Now There are two types of bankruptcy Chapter 7 which is classified as a liquidation. It’s called a liquidation because it permits a trustee to sell some of your property to pay off some of the debt. However according to state law you are permitted to keep certain property that is labeled as “exempt.” Then there’s Chapter 13 the most common reorganization bankruptcy among consumers.
Both of these chapters have many rules and exceptions as to which debts and with what methods, also including the property may or may not be “exempt.”

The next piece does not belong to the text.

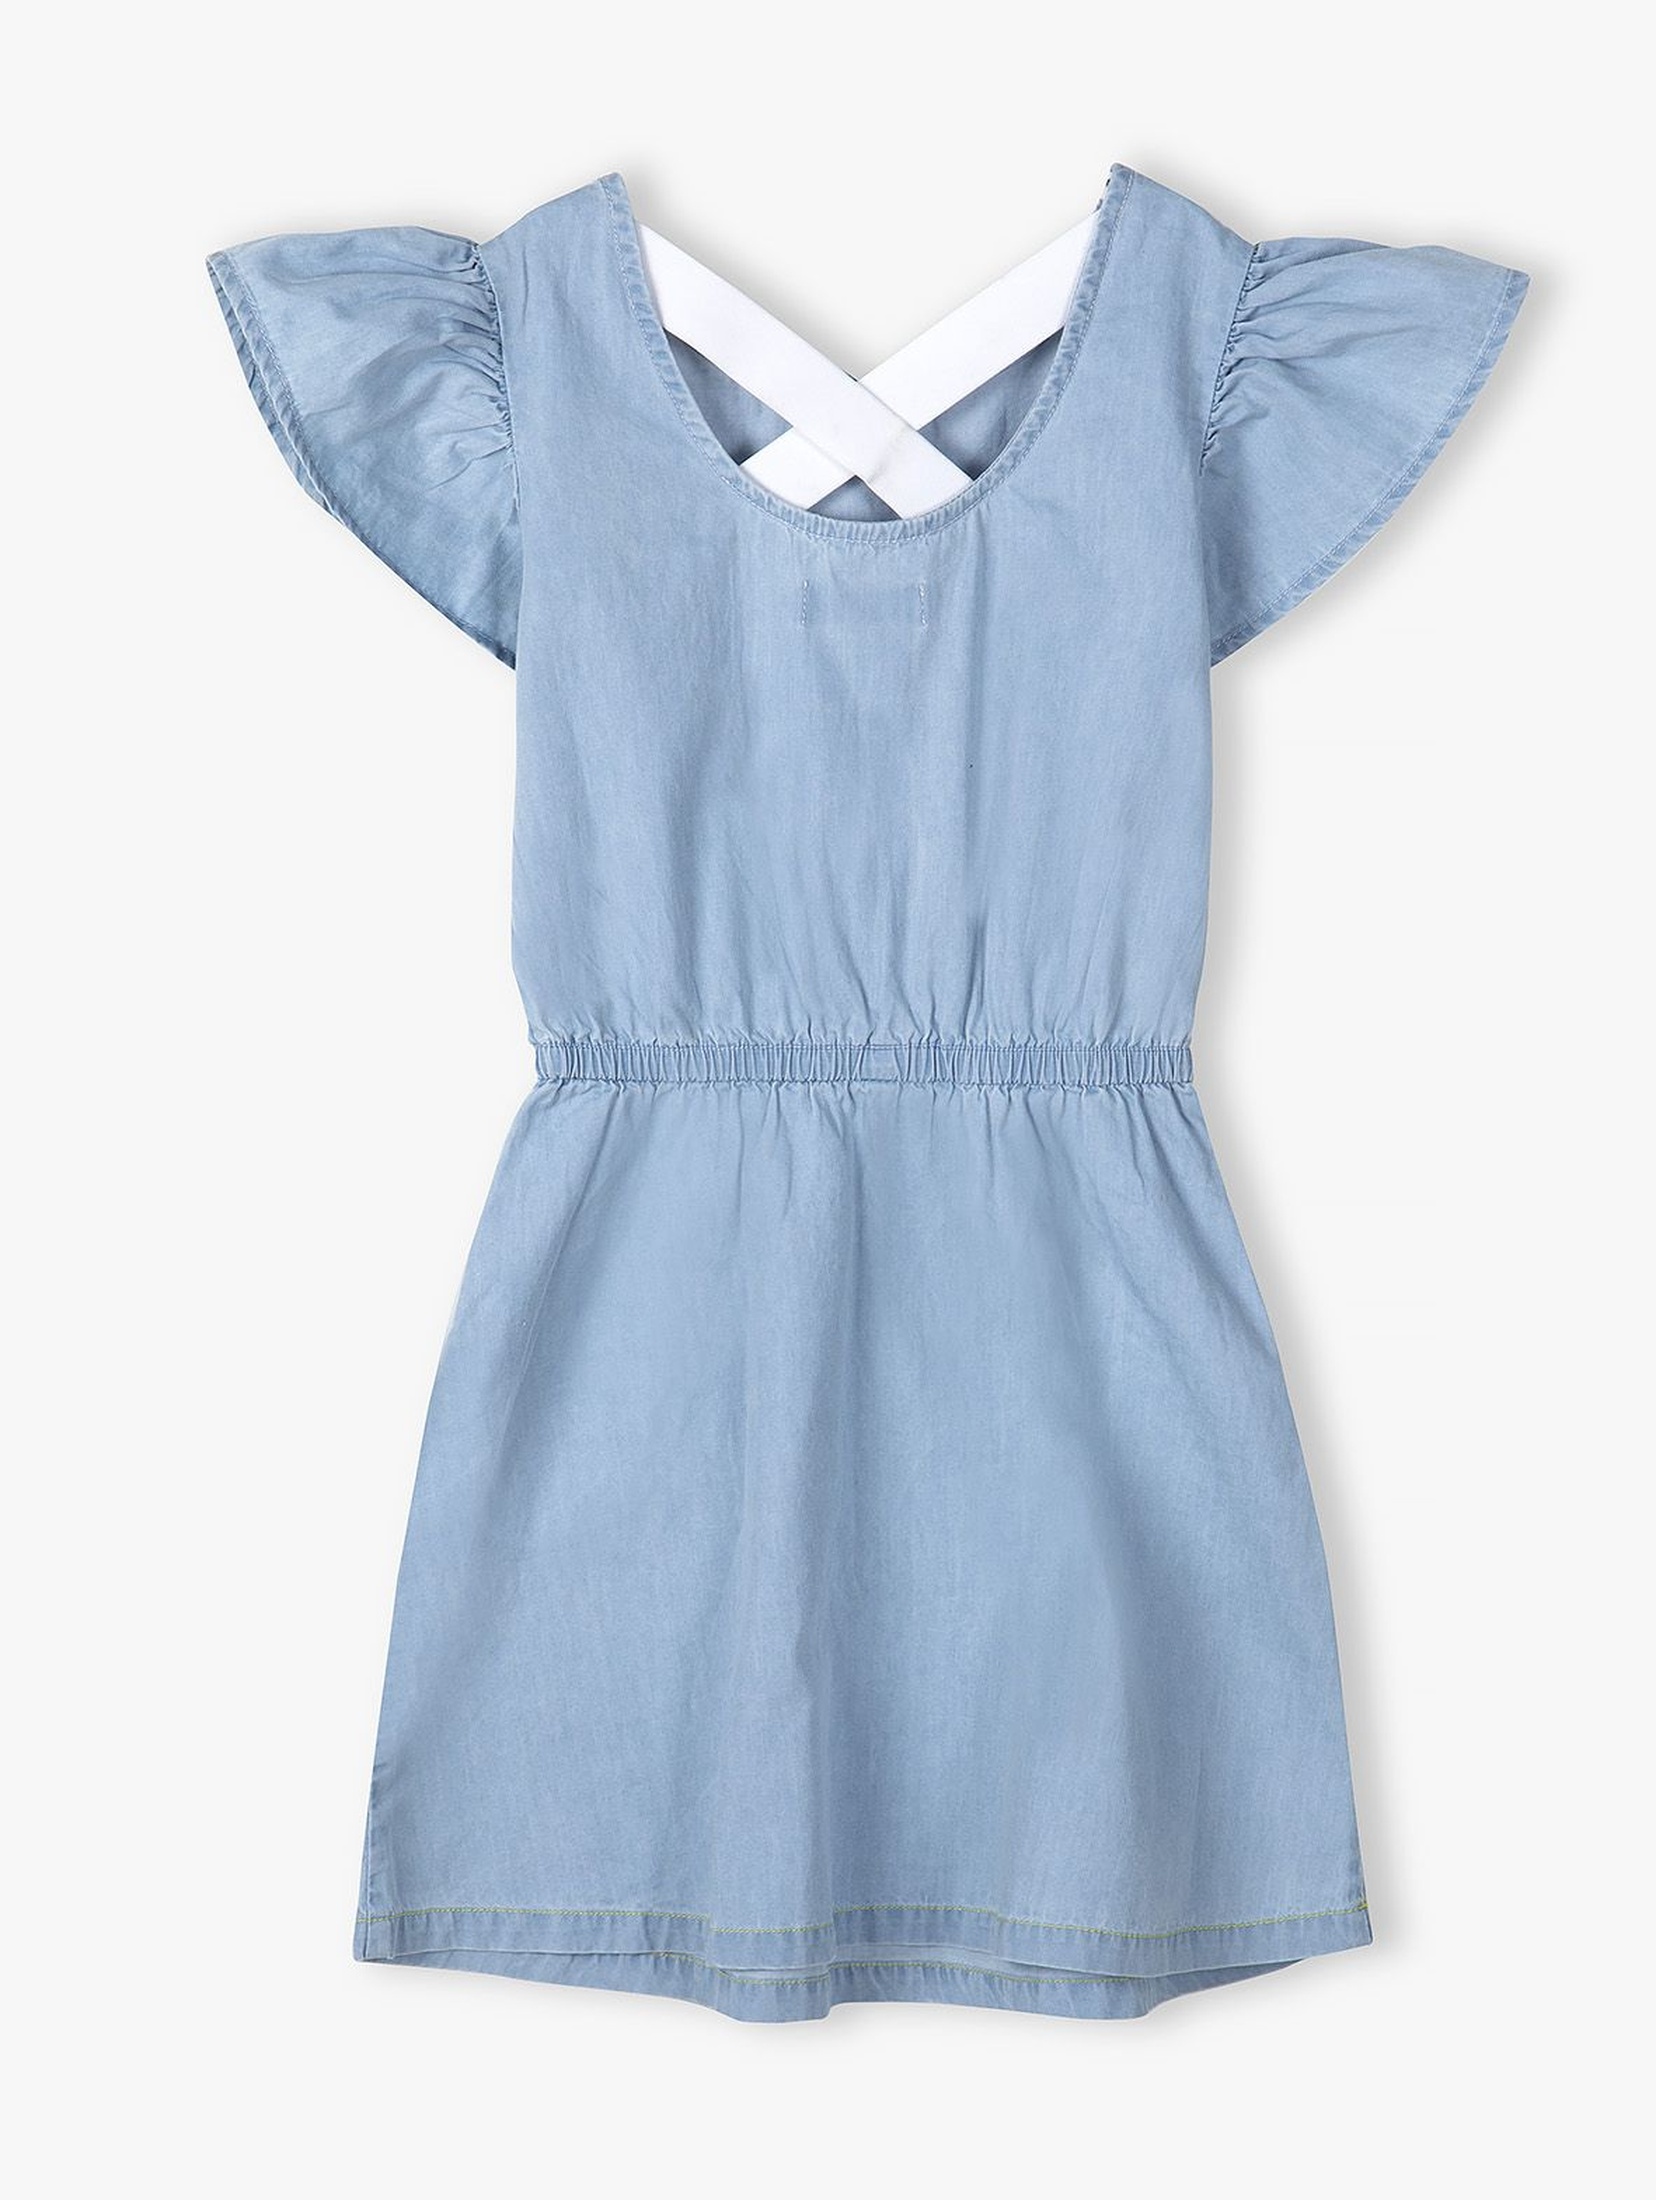 Błękitna sukienka na lato dla dziewczynki
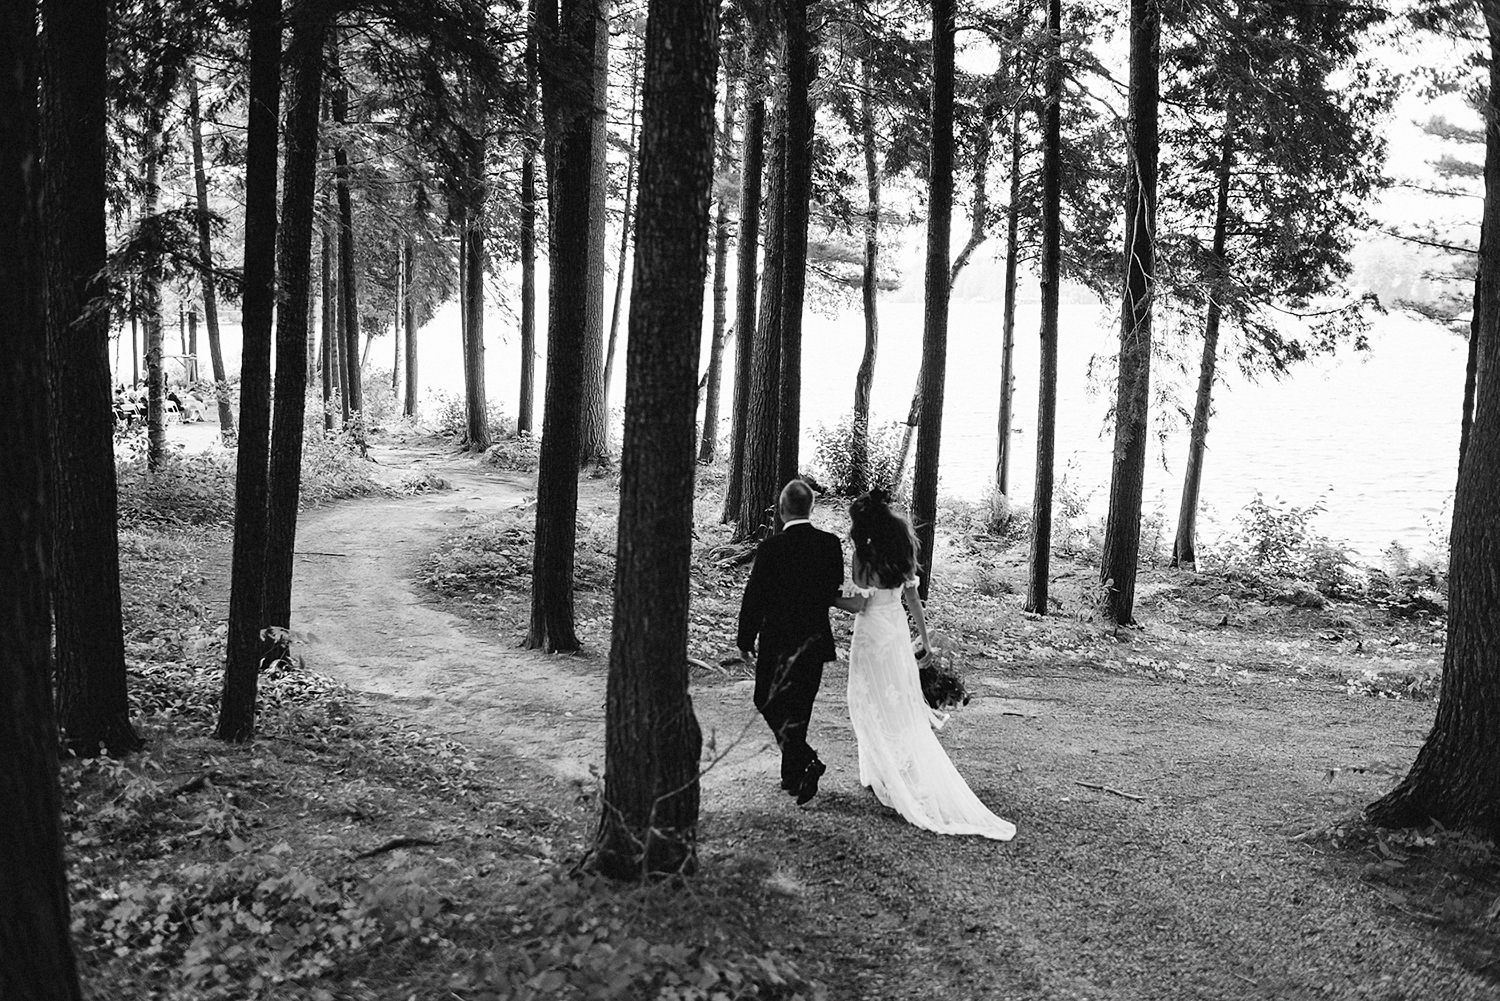 Muskoka-Cottage-Wedding-Photography-Photographer_Photojournalistic-Documentary-Wedding-Photography_Vintage-Bride-Sherwood-Inn-Lake-Wedding-Venue_Lakeside-Ceremony-Bride-and-Father.jpg

Property liquidation allows you to sell some of your property to settle some or all of your unsecured debt. (That is to say debt that has had no collateral given.) Secured debt, (Let’s take a car loan for instance.) If the lender agrees you can have them repossess the vehicle until you pay it off. Or making a payment equal to the replacement cost of the vehicle. However not everyone can file for this type of bankruptcy most particularly those with an income deemed sufficient to afford a Chapter 13 repayment plan.
Chapter 13 commonly called “Wage Earner,” utilizes a reliable source of income to pay of some of your debt. You can file a “repayment plan” that states how you will pay back your debts over a time frame of three to five (3-5) years. The minimum payment will be determined based on the amount of money you earn with how much you owe. The debt limit being $1,010, 650 in secured debt and $336,900 in unsecured debt.